“How could this happen?” Archbishop Eamon Martin on Mother and Baby Homes Report

Jan 16, 2021 | 0 comments

Archbishop Eamon Martin of Armagh has asked all leaders of the Catholic Church in Ireland to study the Final Report of the Commission of Investigation into Mother and Baby Homes in Ireland in the 20th Century.

“I ask all those who are in positions of leadership in the Church to study this lengthy report carefully and especially to spend time reflecting on the courageous testimonies of the witnesses to the Commission. Together we must ask How could this happen? We must identify, accept and respond to the broader issues which the Report raises about our past, present and future.”

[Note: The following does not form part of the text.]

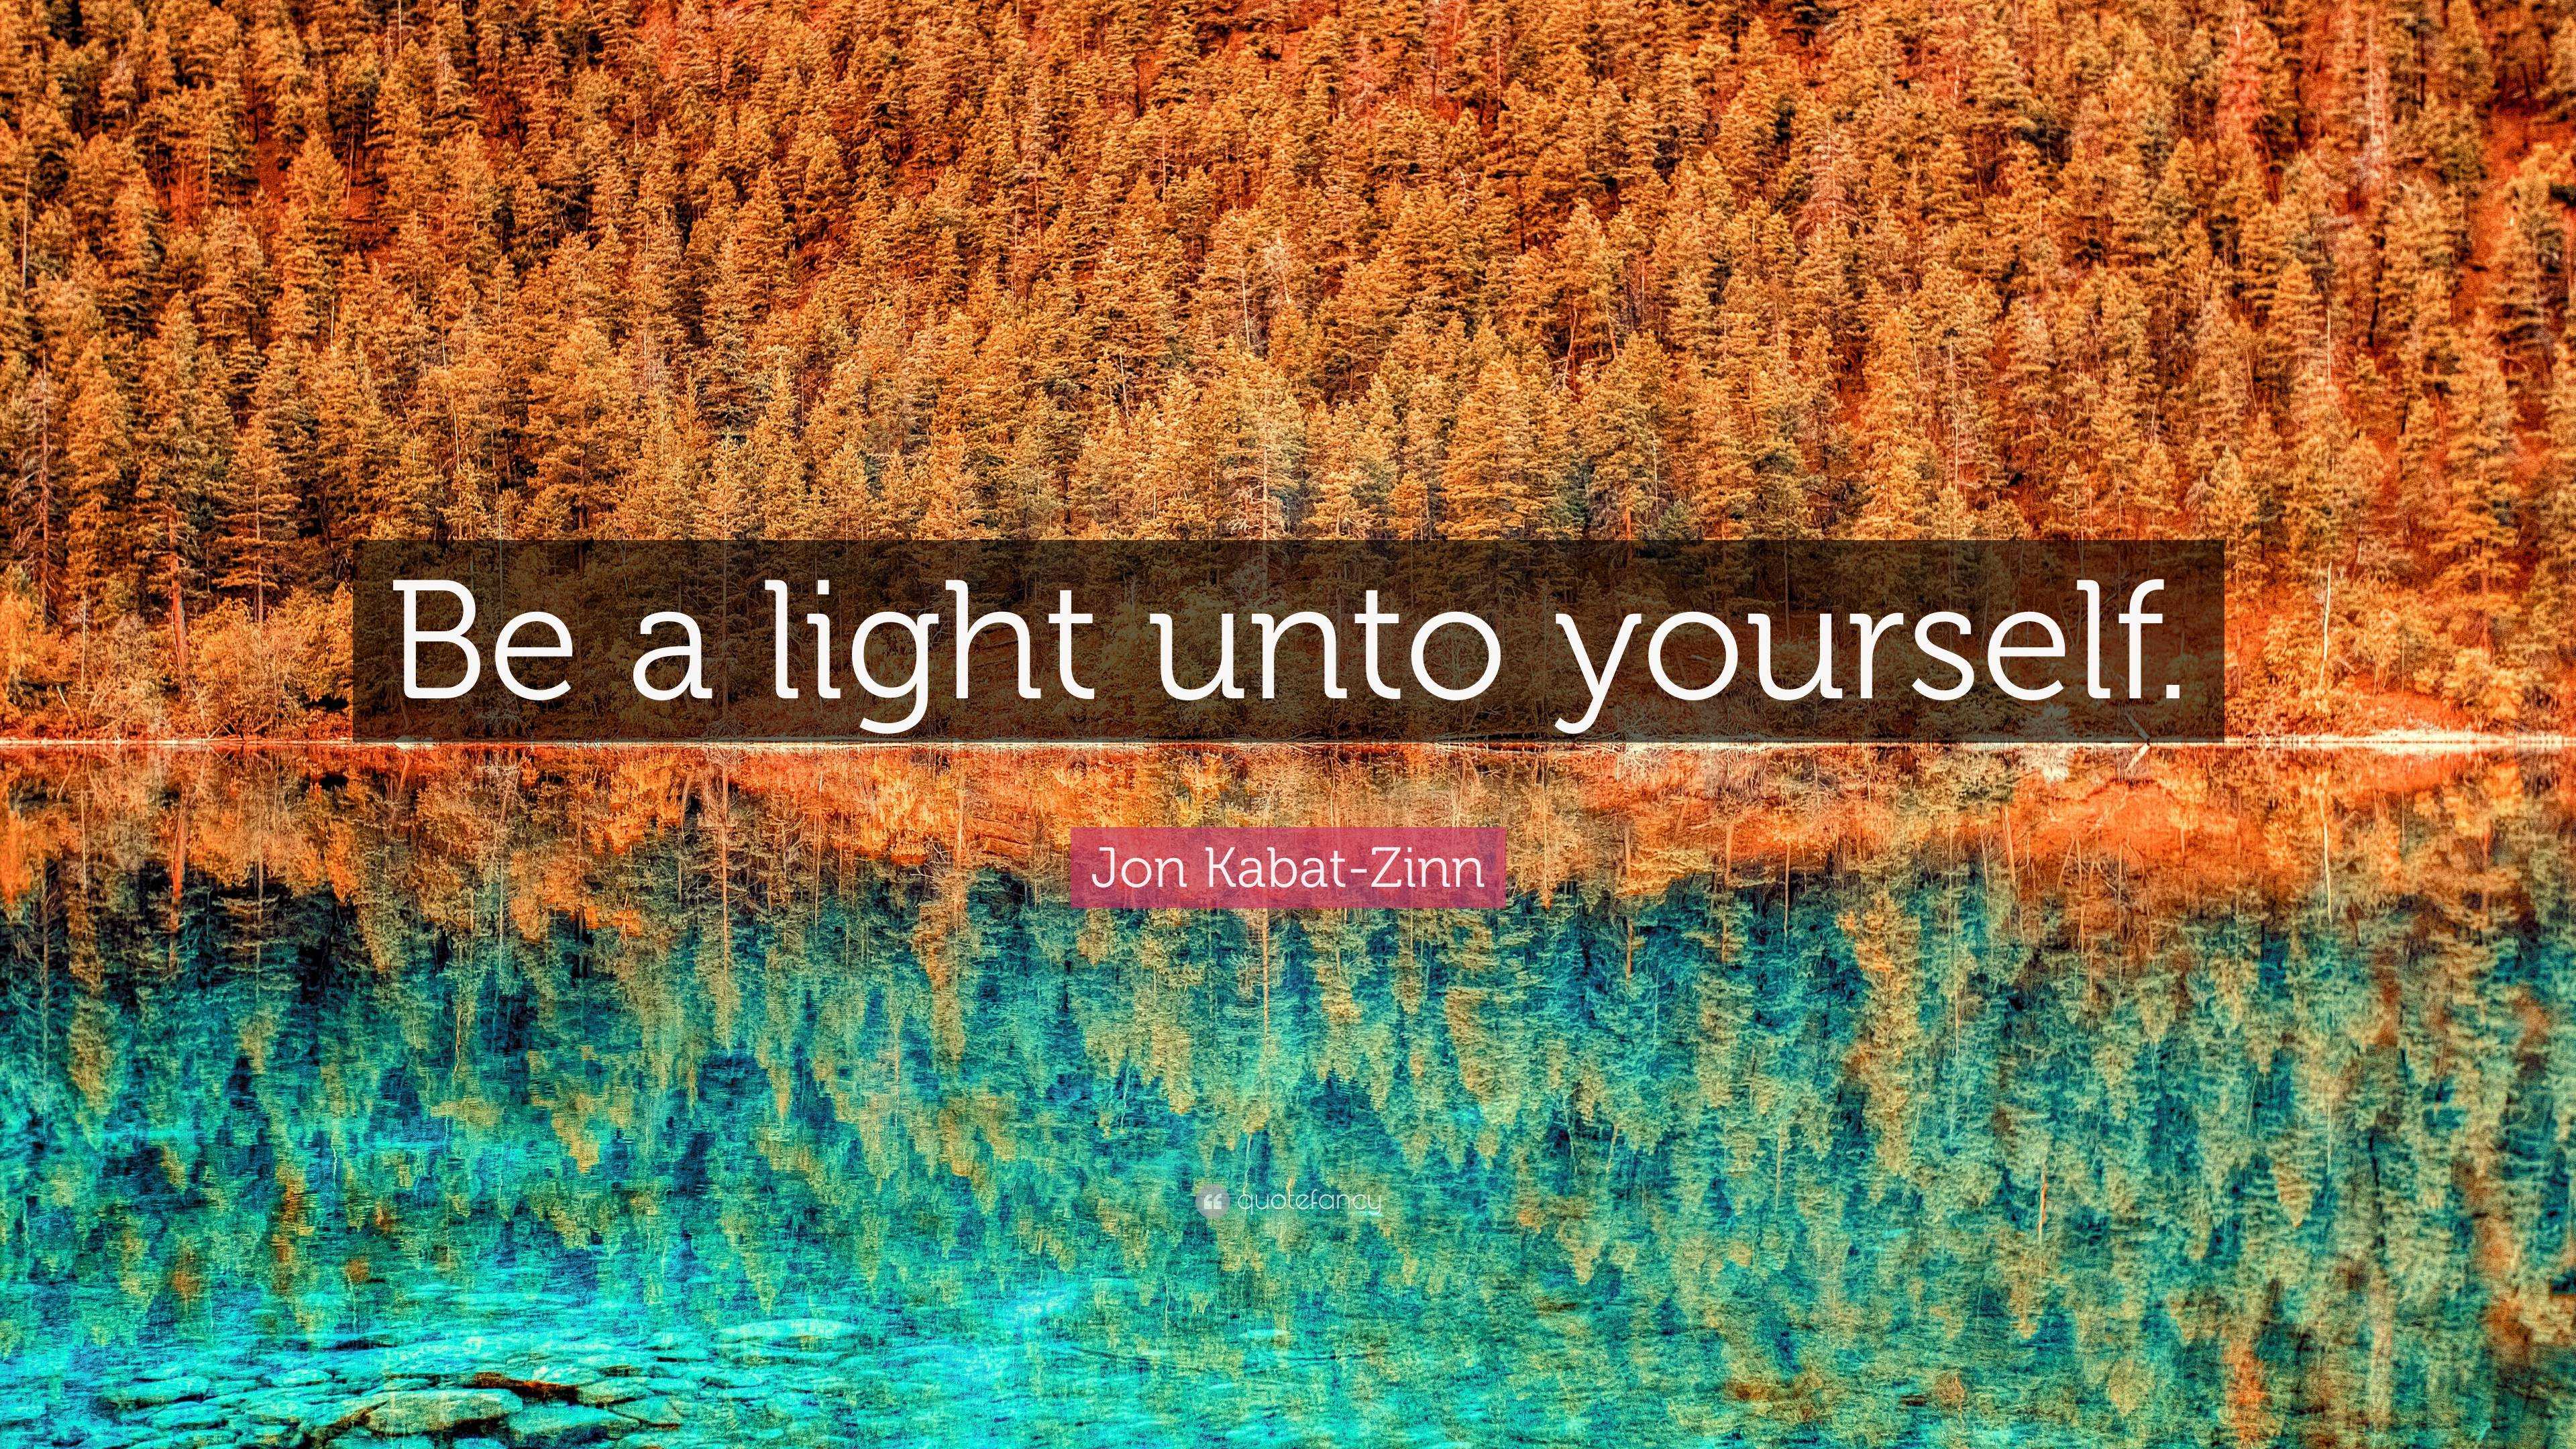 Jon Kabat-Zinn Quote: “Be a light unto yourself.”

On Saturday 16th January 2021 the statements of seven Irish bishops on the report could be found on the website of the Irish Bishops Conference.

The report covered the period 1922-98 and concluded that the proportion of unmarried mothers who entered these homes was ‘probably’ the highest in the world.  The women who entered did so, according to the report,  because they did not have the support of their families or of the men responsible for their condition.  The Commission found no evidence that either church or state had forced them to enter.

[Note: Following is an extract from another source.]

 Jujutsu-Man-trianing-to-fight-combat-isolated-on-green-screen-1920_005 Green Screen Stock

A total of about 9,000 children died in these institutions, a far higher proportion than in the wider community.  The experience for first-time mothers was ‘traumatic’.

The report has proved highly controversial, with many commentators attributing most blame to the Catholic church for forming the attitudes that allowed this harshness.  The question of reparations has yet to be decided.

The Commission that produced the report arose out of the work of Tuam local historian Catherine Corless, who investigated the Tuam Mother and Baby Home and concluded that almost 800 infants had been buried in ground once belonging to the home, without proper certification.  These conclusions were reported in the Irish media in 2014.

It is not yet clear what ‘study’ of the report by the church will follow, or whether discussion of it will be facilitated by church authorities among the wider church community.